Personal details
- Born: Rui da Fonseca e Sousa Camões Teixeira Guerra 1902 Santa Eulália [pt], Elvas, Portugal
- Died: 1996 (aged 93–94) Lisbon, Portugal
- Occupation: Diplomat
- Known for: Leading Portugal’s post-war European integration efforts

= Ruy Teixeira Guerra =

Portuguese diplomat

Rui da Fonseca e Sousa Camões Teixeira Guerra (1902–1996) was a Portuguese diplomat and one of the principal architects of Portugal’s post-war European diplomacy. Often referred to as Senhor Europa, he played a decisive role in the country’s engagement with the Marshall Plan, the OEEC, NATO, EFTA, and ultimately the European Economic Community, laying groundwork that would lead to Portugal's accession to the European Communities in 1986.

== Early life and diplomatic service ==
Teixeira Guerra was born in Santa Eulália (Elvas) in 1902. He earned a law degree from the University of Lisbon and joined the Portuguese diplomatic service in 1931.

His early postings included consul positions in Montréal (1936), Berlin (1939–1940), New York (1942), Boston, and Liverpool. These years shaped his outlook on the global role of diplomacy and Portugal’s place in the post-war order.

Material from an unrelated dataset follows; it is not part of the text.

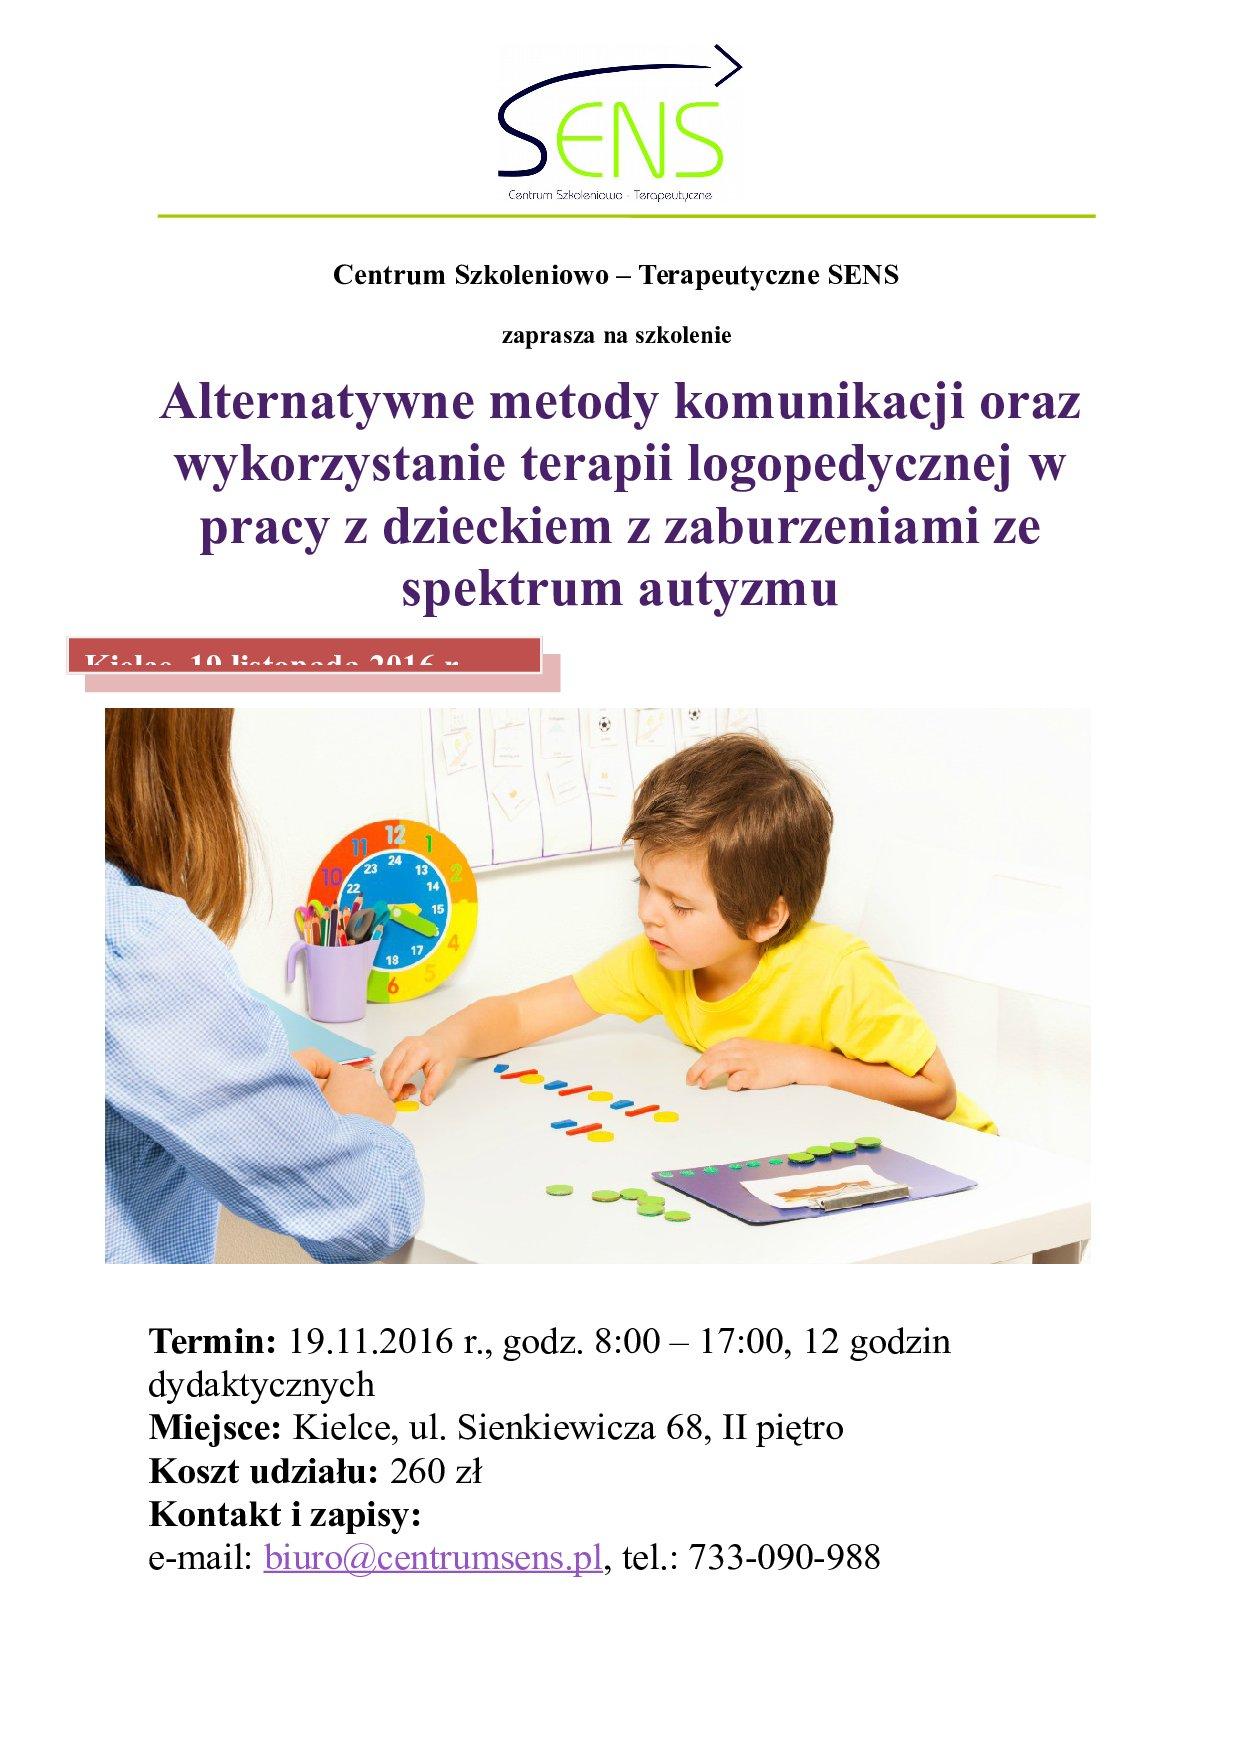 Kielce. Alternatywne metody komunikacji oraz terapia logopedyczna dziecka z autyzmem. 19.11.2016 r.

== Post-war diplomacy and the Marshall Plan ==
In 1947, Teixeira Guerra was posted as First Secretary to the Portuguese legation in Paris. He attended the Conference of Paris as Portugal’s only representative during the negotiation of the Marshall Plan.

Although the Portuguese government initially rejected U.S. financial aid, Teixeira Guerra positioned Portugal to benefit from the European Recovery Program by defending the possibility of participation at the OEEC. When the government reversed its stance, he became Portugal’s permanent representative to the OEEC (1948–1956), chairing its executive committee in 1955 and representing Portugal in meetings of the IMF and World Bank.

== NATO and transatlantic relations ==
Teixeira Guerra was an early advocate of Portugal's transatlantic alignment. He played a key role in Portugal’s admission to NATO in 1949 and represented the country in NATO’s Economic and Financial Division between 1951 and 1956.

== European Free Trade and GATT ==
In 1956, promoted to Minister Plenipotentiary, Teixeira Guerra became Director-General for Economic and Consular Affairs at the Ministry of Foreign Affairs. He led Portugal’s negotiations to join the European Free Trade Association (EFTA), securing entry in 1960. He served as Portugal’s ambassador to Switzerland and permanent representative to both the EFTA and GATT until 1966, presiding over the EFTA Council in 1966.

== Portugal’s relationship with the EEC ==
As European integration accelerated in the 1970s, Teixeira Guerra returned to prominence, chairing the Comissão de Estudos sobre a Integração Económica Europeia. His recommendations led to Portugal’s 1972 Free Trade Agreements with the EEC and ECSC.

He also led the Grupo de Trabalho Especial for negotiations with the EEC, setting the foundation for future membership. After the 1974 revolution, he continued to advise policymakers, culminating in Portugal’s formal application for EEC membership in 1977.

== Later life and legacy ==
Though retired, Teixeira Guerra was frequently consulted during Portugal's negotiation and accession process to the European Communities. He witnessed the signing of the Treaty of Accession in 1985 and died in Lisbon in 1996. In 2009, the Municipality of Portalegre held a tribute recognizing his lasting contribution to European integration.

== Selected writings ==
- Algumas Notas Sobre as Relações entre os Estados Unidos e a Europa. Boletim Interno do Ministério dos Negócios Estrangeiros, N.º 11, 1952.
- Cooperação económica europeia. Instituto de Altos Estudos Militares, 1958–59.
- Os Movimentos de Cooperação e Integração Europeia no Pós-Guerra. Instituto Nacional de Administração, 1981.
- Alguns Aspectos Passados e Presentes da Integração Europeia. Sociedade de Geografia de Lisboa, 1978.